**Disclaimers:**
- All code was typed by me, not copied and pasted
- The code is from the book "Machine Learning with python cookbook" by Chris Albon (1 ed). 
- All comments are written in my own words, based on my previous knowledge and on the comments of the book. 
- My comments are usually short and concise, since the goal of this notebook is to implement the code, not to teach about the model

# 18. Naive Bayes
## 18.0 Introduction

- The Naive Bayes classifier will predict the class with the highest probability _a posteriori_.
- Assuming that the features of a dataset are independent, the full likelihood can be computed as the product of the likelihood for each feature (_Naive_ Assumption)
- We have to previously define the statistical distribution of the likelihood (usually Gaussian, Multinomial or Bernoulli).
- To classify a new observation, compute the probability a posteriori of each class with the likelihood and the _prior_ probability of each class. The clas with the highest posterior probability is the prediction of the model



## 18.1 Training a Classifier for Continuous Features
**Problem**
- Train a Naive Bayes Classifier with a dataset that has continuous features only
**Solution:**
- Gaussian Naive Bayes

In [2]:
from sklearn import datasets
from sklearn.naive_bayes import GaussianNB

iris = datasets.load_iris()
features = iris.data
target = iris.target

classifier = GaussianNB()

model = classifier.fit(features, target)

In [3]:
new_observation = [[4, 4, 4, 0.4]]

model.predict(new_observation)

array([1])

**Discussion:**
- In the previous case, the priors for each class were adjusted with the dataset (frequentist approach). 
- We can define prior probabilities for each class, as bellow:
- NOTE: This is approach could be more _bayesian_ if we did some Bayesian Modelling hehe. (See the pymc libary and this pydata talk, as an introduction)
- https://www.youtube.com/watch?v=911d4A1U0BE

In [5]:
clf = GaussianNB(priors=[0.25, 0.25, 0.5])
model = clf.fit(features, target)
model.predict(new_observation)

array([1])

**Discussion:**
- The posterior probabilities are not useful! They should not be interpreted as the probability for each class

## 18.2 Training a Classifier for Discrete and Count Features
**Problem:**
- Given discrete or count data, train a Naive Bayes Classifier

**Solution:**
- The dreaded but amazing Multinomial distribution
- See this video for an intro to the Multinomial: 
- https://www.youtube.com/watch?v=Dkc_hcVWDpA
- Yes, I do feel very _statistical_ by knowing a bit about the Multinomial Distribution xD

In [6]:
import numpy as np
from sklearn.naive_bayes import MultinomialNB
from sklearn.feature_extraction.text import CountVectorizer

text_data = np.array(['I love Brazil. Brazil!',
                      'Brazil is best',
                      'Germany beats both'])

**Comment:**
- Hahahahah this is actually the example from the book. See page 333.
- I'm pretty sure he's referencing to the World Cup and the 7x1 
- It is crazy to find a reference of this in a ML book.


In [9]:
# Create bag of words - Bilbo would be proud
count = CountVectorizer()
bag_of_words = count.fit_transform(text_data)

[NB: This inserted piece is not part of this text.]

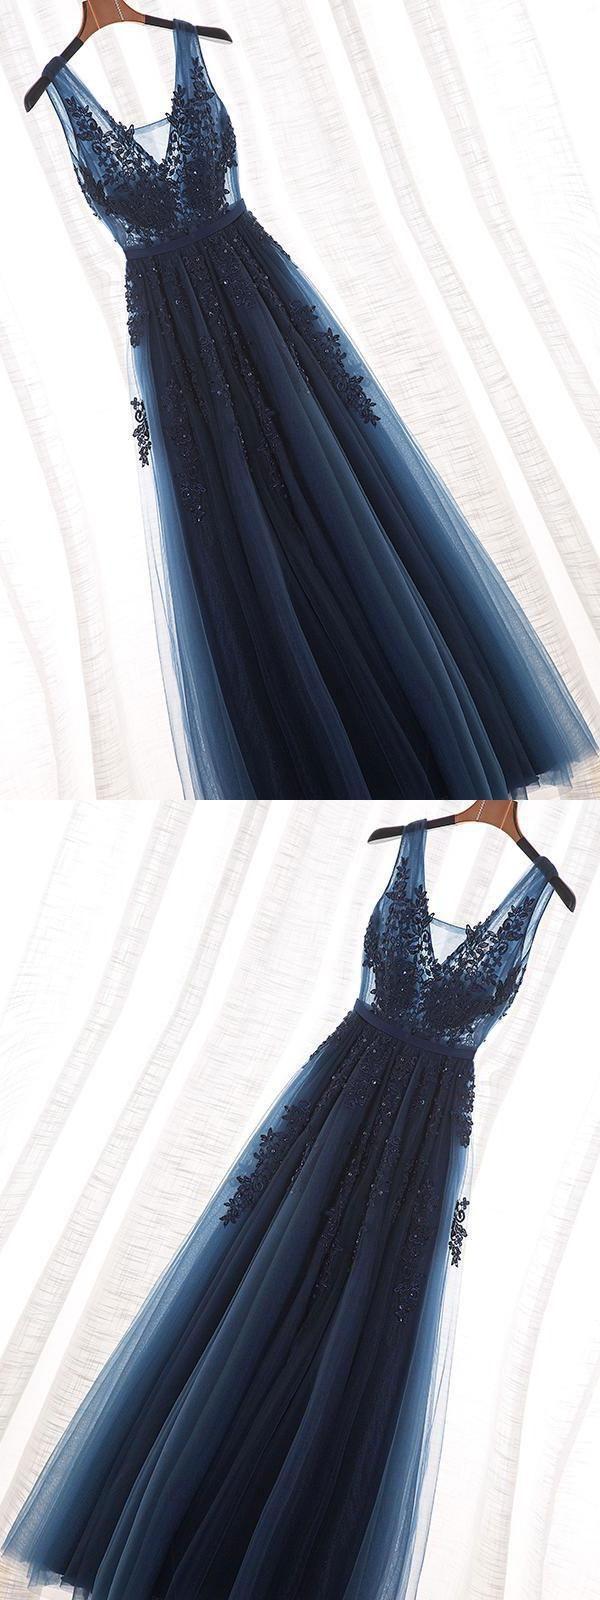 Soft Blue Prom Dress, Long Prom Dress, Navy Blue Prom Dress, Lace Prom Dress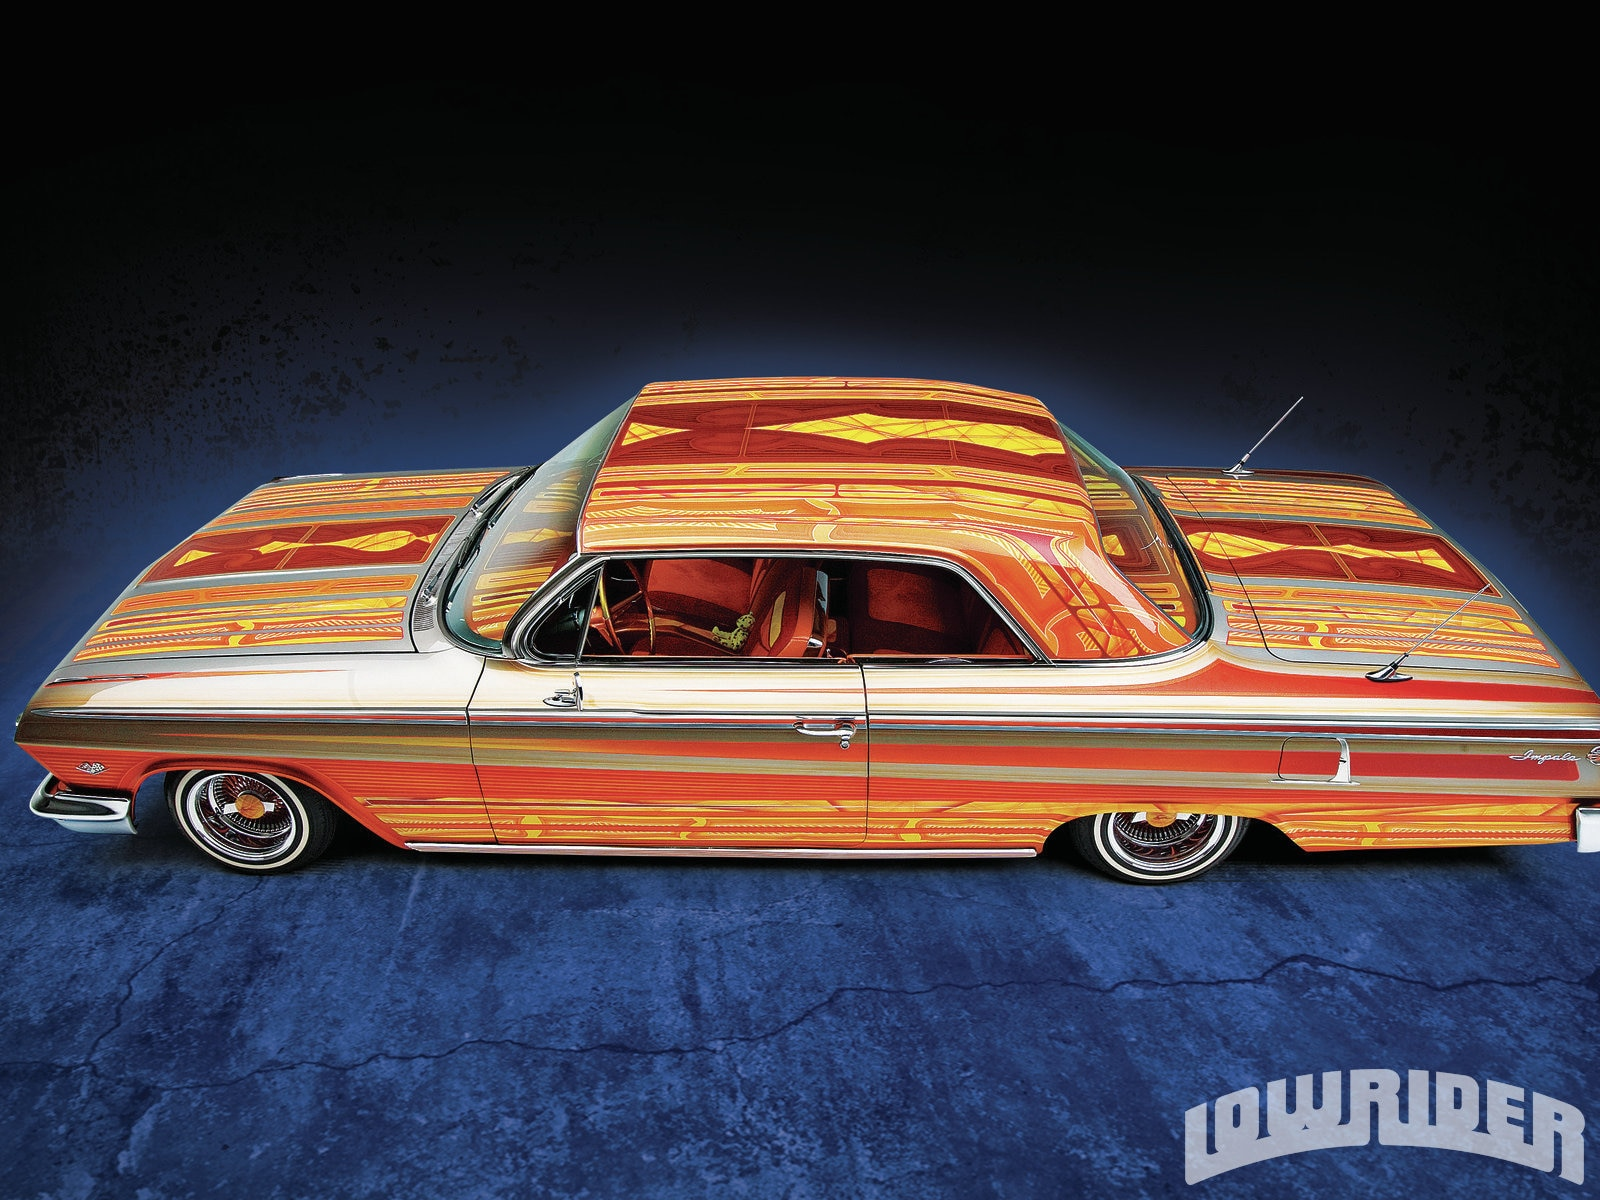 b3a295758664d 1962 Chevrolet Impala SS - Lowrider Magazine

features = bag_of_words.toarray()
target = np.array([0, 0, 1])

# Note that Brazil is indice 4
features

array([[0, 0, 0, 2, 0, 0, 1],
       [0, 1, 0, 1, 0, 1, 0],
       [1, 0, 1, 0, 1, 0, 0]], dtype=int64)

In [None]:
classifier = MultinomialNB(class_prior=[0.25, 0.5])
model = classifier.fit(features, target)

**Discussion:**
- We are predicting if a message (tweet?) comes from a pro-brazil or pro-germany person.
- We created a bag of words to encode the text data. We could have better encoded it
- We specified the prior probabilities of each class
- MultinomialNB has an ``alpha`` parameter that does _smoothing_. *No idea what this is. Research later

## 18.3 Training a Naive Bayes Classifier for Binary Features
**Problem:**
- Given binary data, train a Naive Bayes Classifier

**Solution:**
- The Bernoulli distribution, mother of all distribs
- All hail the Bernoulli!
- Lots of jokes in this notebook, huh? Sorry for that

In [17]:
import numpy as np
from sklearn.naive_bayes import BernoulliNB

features = np.random.randint(2, size=(100, 3))
target = np.random.randint(2, size=(100,1)).ravel() # Why use ravel here and not just specify size=100?

In [18]:
classifier = BernoulliNB(class_prior=[0.25, 0.5])
model = classifier.fit(features, target)

**Discussion:**
- Bernoulli also has an $\alpha$ smoothing parameter
- In all NB cases, we can specify an uniform prior by setting `fit_prior=False`

## 18.4 Training a Naive Bayes Classifier for Binary Features
**Problem:**
- Calibrating the predicted probabilities from the NB classifiers so they are interpretable! (They are the probability of that class)

**Solution:**
- ``CalibratedClassifierCV``

In [19]:
from sklearn import datasets
from sklearn.naive_bayes import GaussianNB
from sklearn.calibration import CalibratedClassifierCV

In [21]:
iris = datasets.load_iris()
features = iris.data
target = iris.target

classifier = GaussianNB()

classifier_sigmoid = CalibratedClassifierCV(classifier, cv=2, method='sigmoid')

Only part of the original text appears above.